No apartamento grande, à véspera de
fins de semana ou algum feriado, ouviam música sentados um pouco largados nas
imensas cadeiras de descanso do terraço – sim, agora tinham apartamento de
terraço. O sexo também não era uma complicação, embora tivessem sido muito
sérios os desencontros do começo, pois o desejo pode capturar a todos no mesmo
instante. Mas implicitamente, na alma, ajustaram os modos de matar o desejo com
Maria, e as brigas homéricas que tiveram duas ou três vezes e que obrigaram Ênio
a sair de casa e dizer para si que estava cansado daquilo e que não voltaria,
foram brigas que tiveram a desimportância que ele constatou com o passar do
tempo, quando Maria, duas semanas depois ligou, e João ligou, e ele voltou,
voltou porque precisavam seguir em frente, porque agora ele fora o ungido para
fazer um filho em Maria – agora já tinham dois – e fora o escolhido para
preparar a festa de casamento dos três, que seria para os amigos muito íntimos,
porque a lei não permitia aquilo.
Casaram-se numa fazenda alugada,
numa igrejinha muito pequena, uma capela mesmo, ofertada pelo dono a Santo
Antônio. Desceram o declive que dava na capela ao pé de uma cerca antiga,
percorrendo uma trilha que os amigos preparam com pó de serragem
artificialmente colorida. A autoridade que os casou não tinha a autoridade
comum dos códigos, apenas a autoridade de um casal, um homem e uma mulher, que
se tornaram grandes amigos deles, e eram orientadores de Maria e Ênio na
academia – João detestava academia e cultivava uma barriguinha inexpugnável de
chopp e descaso com o corpo. Aquele casal separou dois ou três textos de
crenças diferentes, muitas músicas, belas músicas, nacionais e internacionais.

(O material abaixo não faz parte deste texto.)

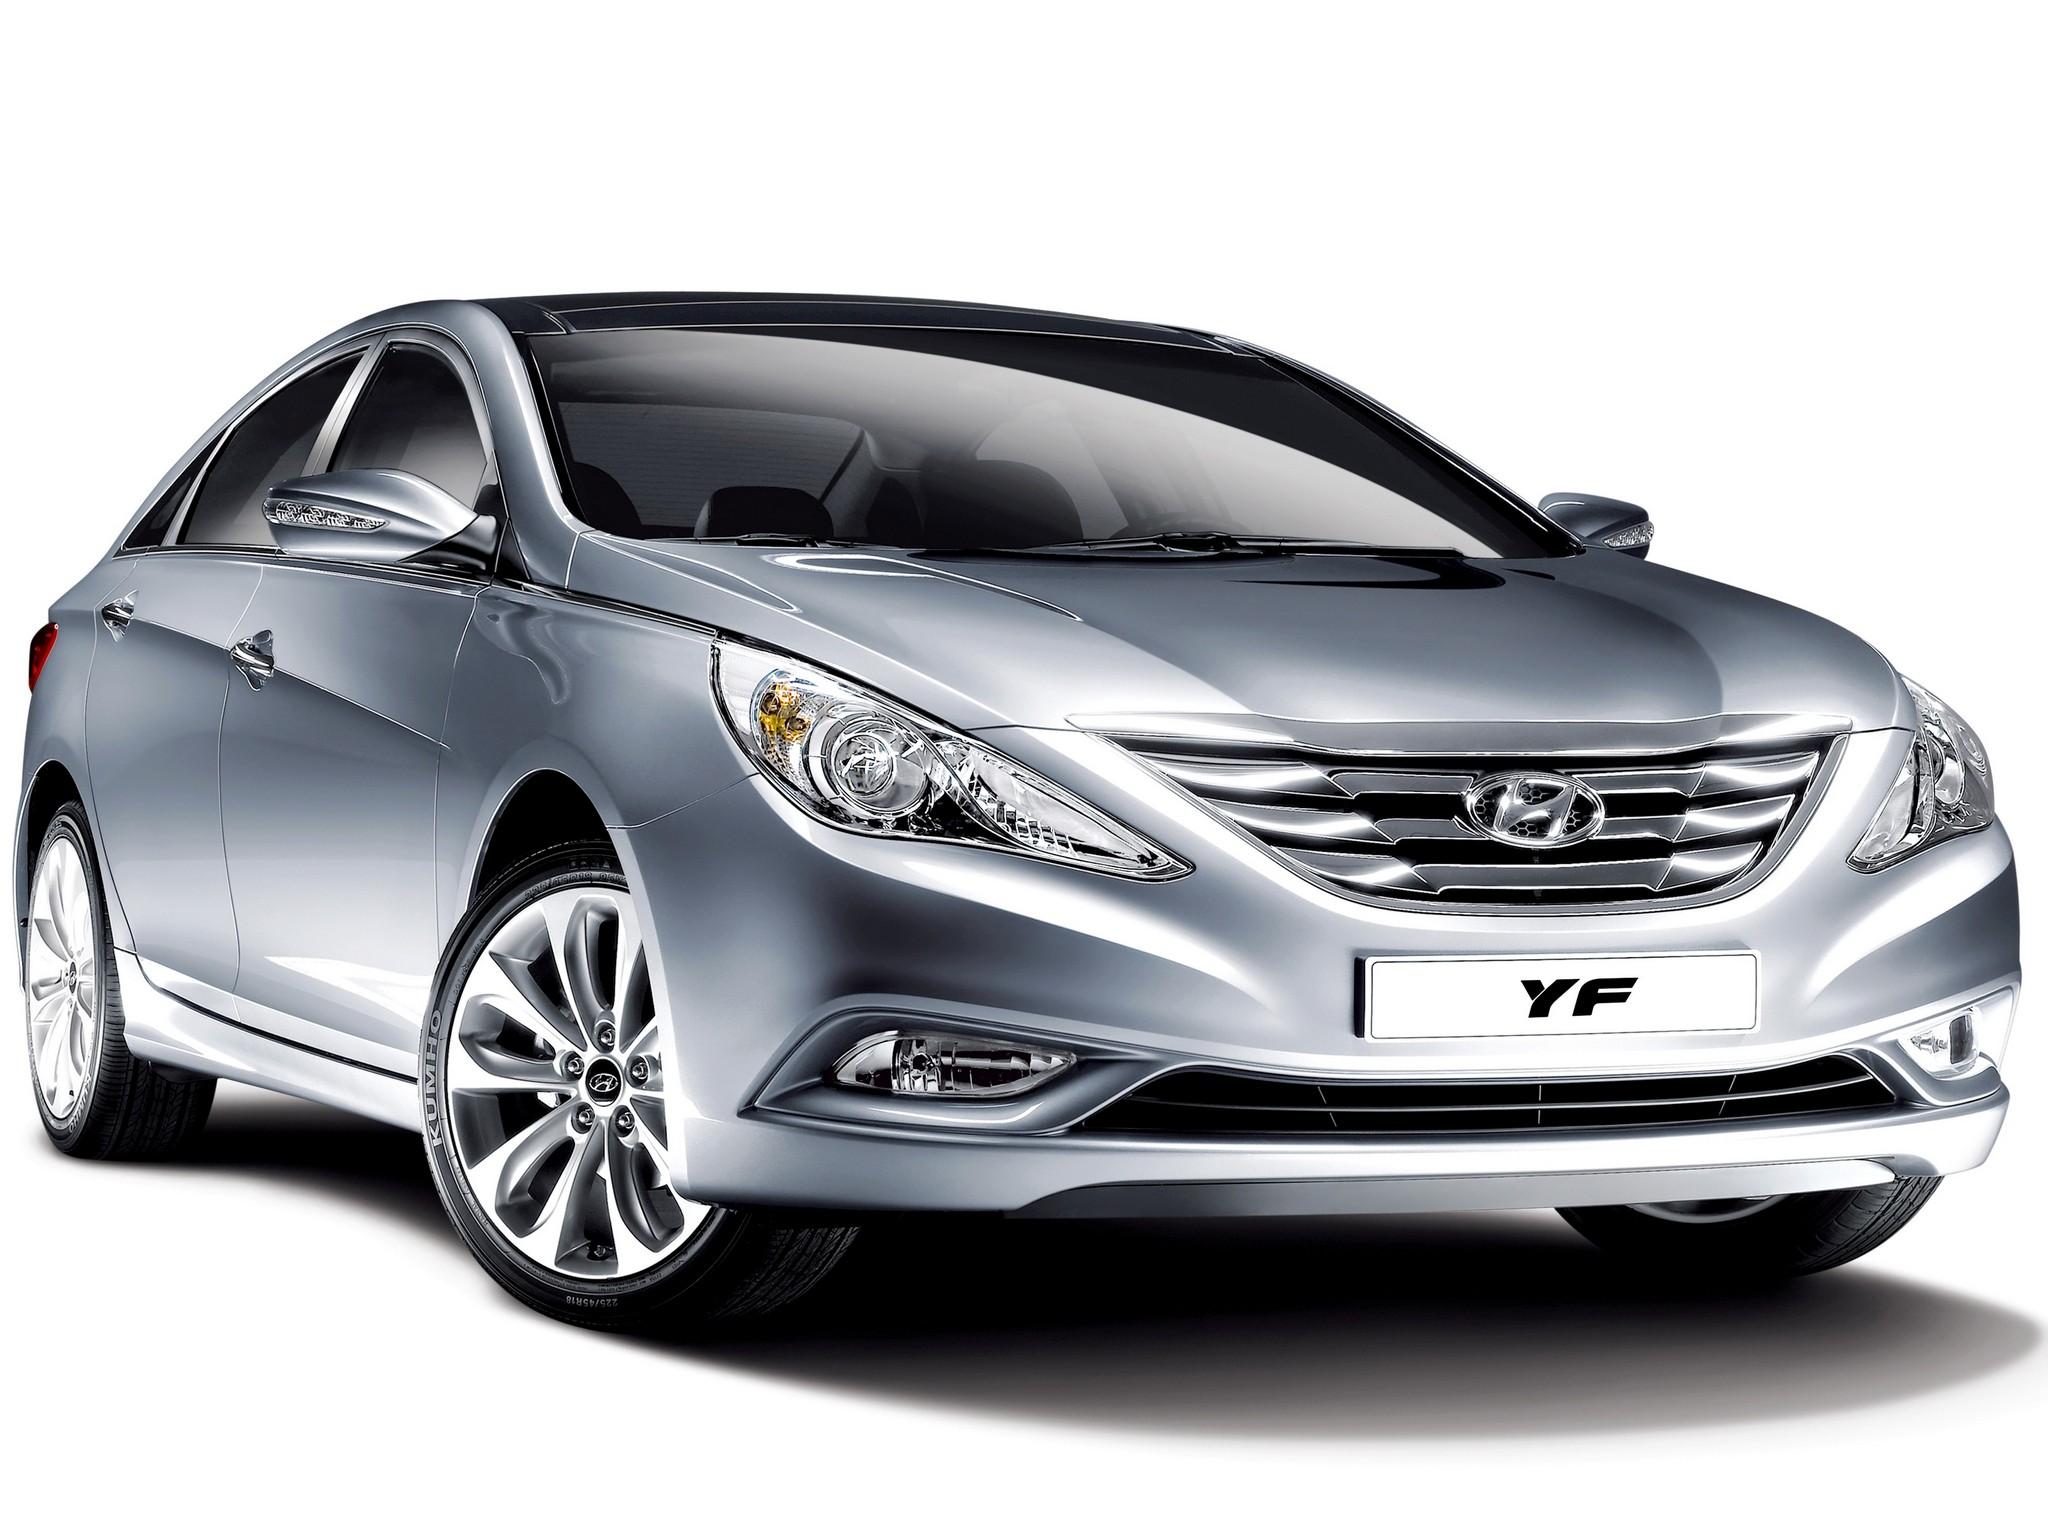 sonata hyundai 2009 i45 yf autoevolution cars

No final voltaram para a varanda quilométrica da fazenda, onde serviram comida
e bebida, com fartura. A partir dali Ênio compreendeu a suficiência de Maria
para os dois e mais à frente descobriu que as brigas mais feias eram entre João
e Maria ou entre ele e Maria, pois entre ele e João acharam instintivamente de
conduzir uma relação bem humorada, de um respeito que, sem ser distante, fora
cavado dentro da própria intimidade.
Agora estava ali, naquele fim de
tarde praiano, ela deitada numa cadeira de náilon, João pulando as ondas com
uma das crianças e alguns vizinhos de mesas, mais argutos, procurando entender
o que estava acontecendo ali. Ênio pediu a Deus que eles ficassem na boa paz e
compreendessem que não havia qualquer necessidade de compreender o que acontecia entre eles.